How does the closure property prove that the sum of a rational and irrational number is irrational

To understand how the closure property can help demonstrate that the sum of a rational number and an irrational number is irrational, we need to first clarify the definitions of rational and irrational numbers as well as the closure property.

Definitions:

• Rational Number: A number that can be expressed as the quotient of two integers \( \frac{a}{b} \), where \( a \) and \( b \) are integers and \( b \neq 0 \).
• Irrational Number: A number that cannot be expressed as a quotient of two integers. Examples include numbers like \(\sqrt{2}\) and \(\pi\).

Closure Property:

The closure property of a set states that performing a specified operation (like addition or multiplication) on members of that set will yield a result that is also a member of that set. The set of rational numbers is closed under addition, meaning that the sum of two rational numbers is always a rational number.
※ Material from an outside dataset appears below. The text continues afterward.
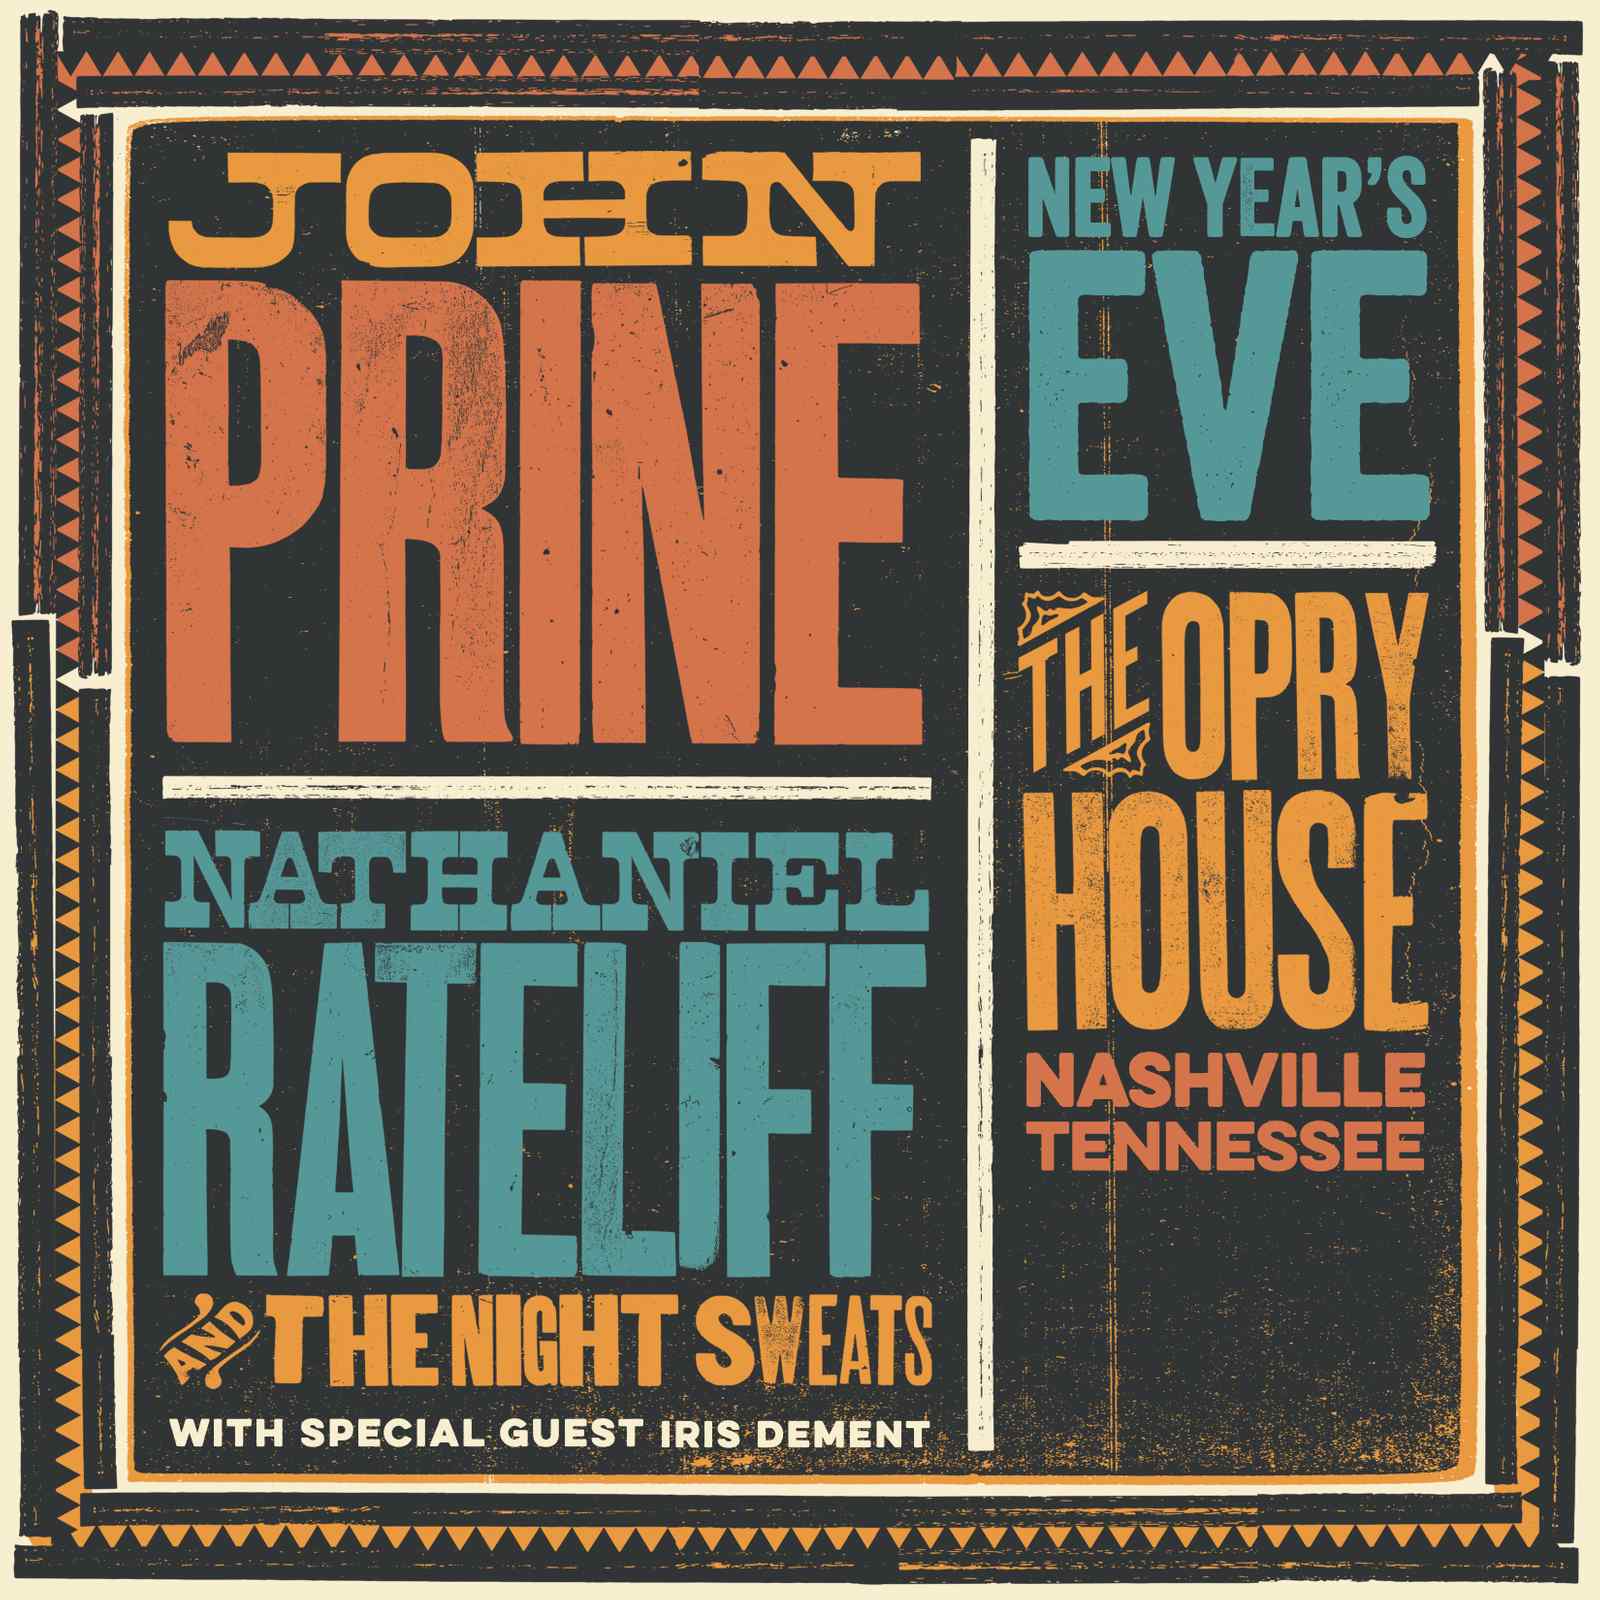 Celebrate New Year's Eve in Nashville with John at the Grand Ole Opry!

Proof that the Sum of a Rational and an Irrational Number is Irrational:

Let’s denote:

• \( r \) as a rational number,
• \( i \) as an irrational number.

We want to prove that the sum \( s = r + i \) is irrational.
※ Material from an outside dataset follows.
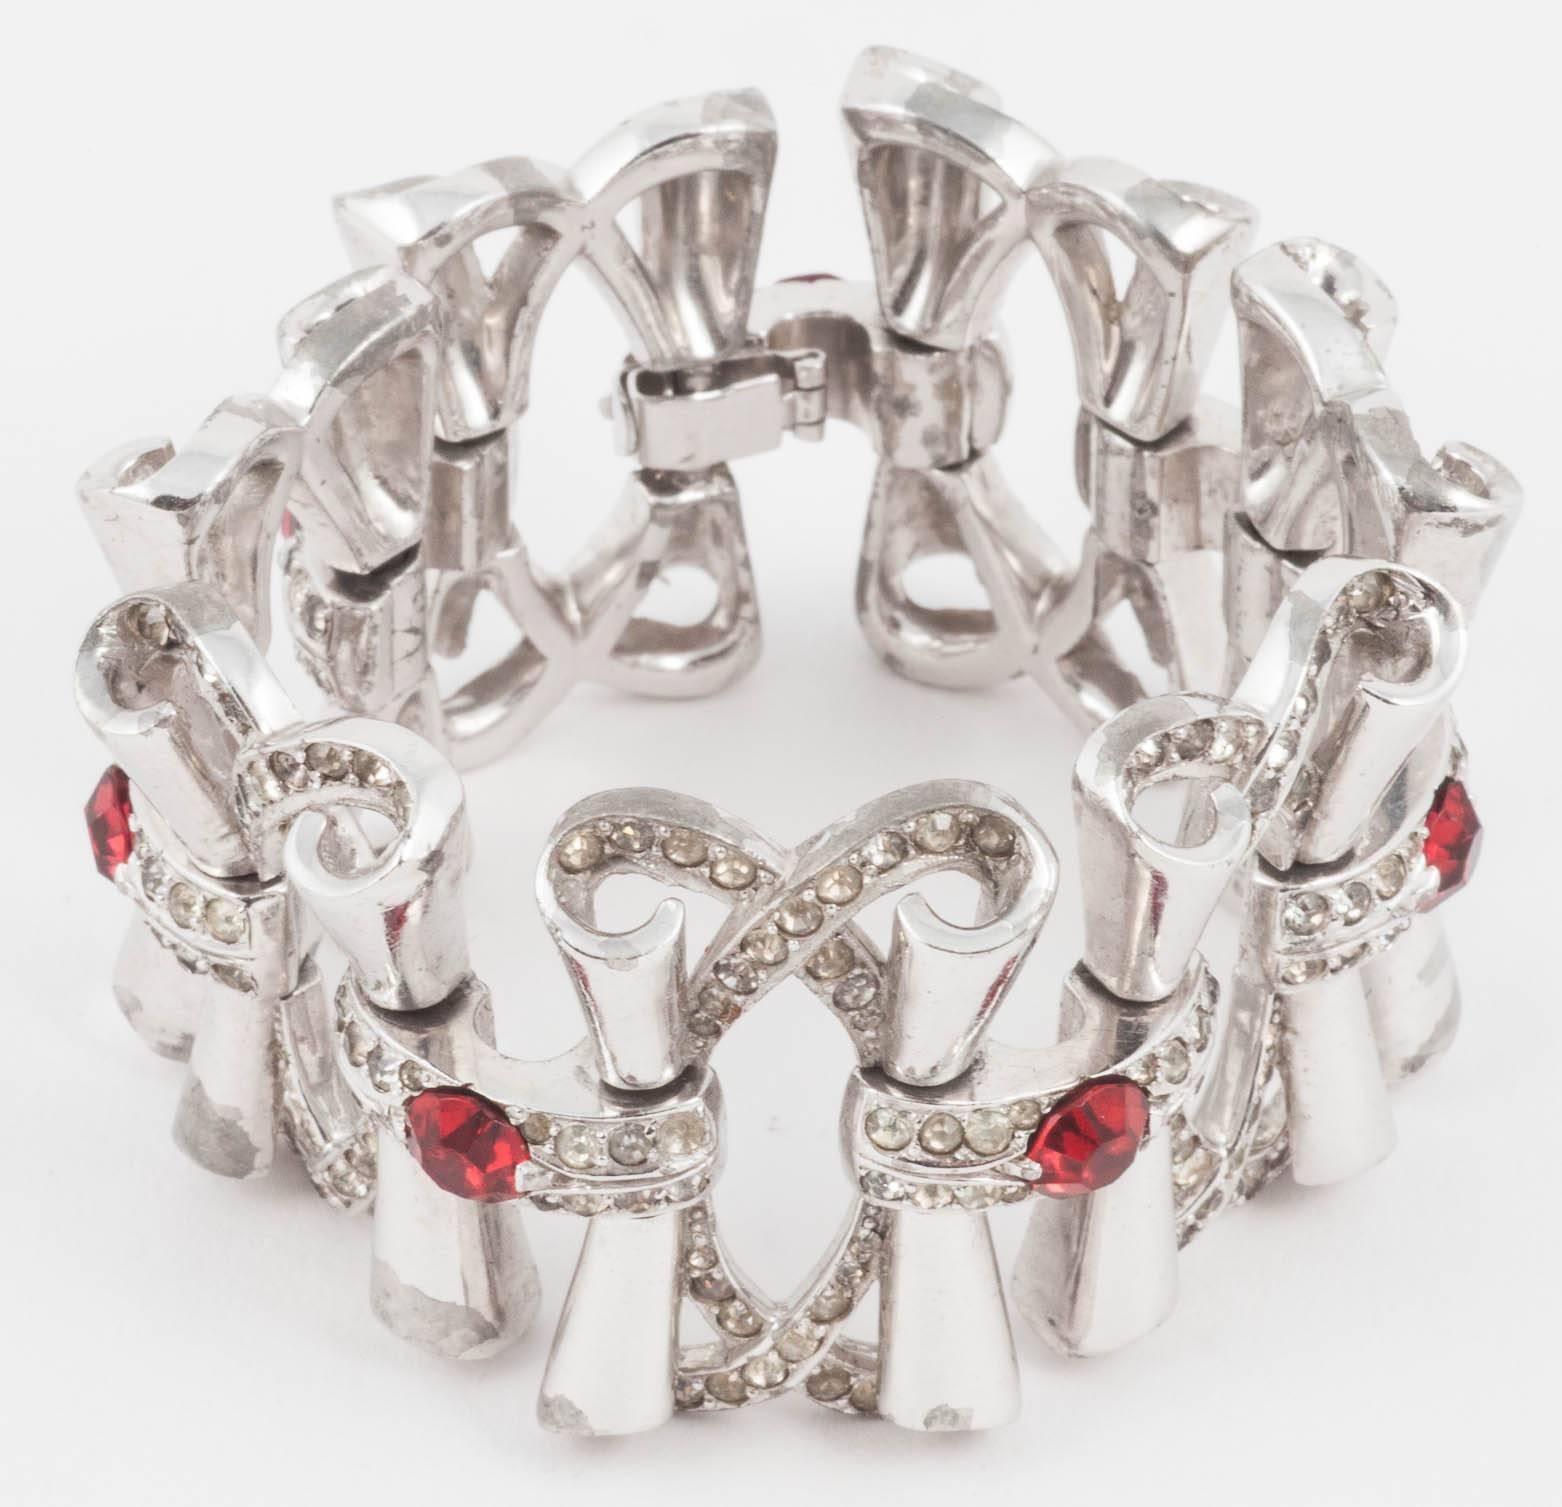 This is a lovely, bold but flowing design in classic 1950s mode. Worn over black gloves it is such a classic look. On a slightly larger modern wrist, it would look great with a jewel sleeved sweater or jacket. Sparkly winter cheer for your wrist!

1. Assuming for contradiction: Let's suppose \( s \) (the sum \( r + i \)) is rational. If \( s \) is rational, by definition of rational numbers, it can be written as \( s = \frac{m}{n} \) where \( m \) and \( n \) are integers, and \( n \neq 0 \).
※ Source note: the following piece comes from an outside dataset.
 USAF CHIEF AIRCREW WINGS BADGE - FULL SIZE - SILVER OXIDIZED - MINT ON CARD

2. Rearranging the equation: From our assumption \( s = r + i \), we can rearrange this to find \( i \): \[ i = s - r \] Given that both \( s \) and \( r \) are assumed to be rational (since we assumed \( s \) is rational and \( r \) is defined as rational), the difference of two rational numbers \( s \) and \( r \) is also rational. This means \( i \) would also be rational.

3. Contradiction: However, this is a contradiction because we initially defined \( i \) as an irrational number. So our assumption that \( s = r + i \) is rational must be false.

4. Conclusion: Therefore, the sum \( s = r + i \) must be irrational.

Summary

The sum of a rational number and an irrational number is irrational because assuming the sum could be rational leads to a contradiction. The closure property of the rational numbers (which states that the addition of two rationals results in a rational) plays a crucial role in this proof, showing that if the sum were rational, then both summands would also need to be rational, contradicting the definition of the irrational number.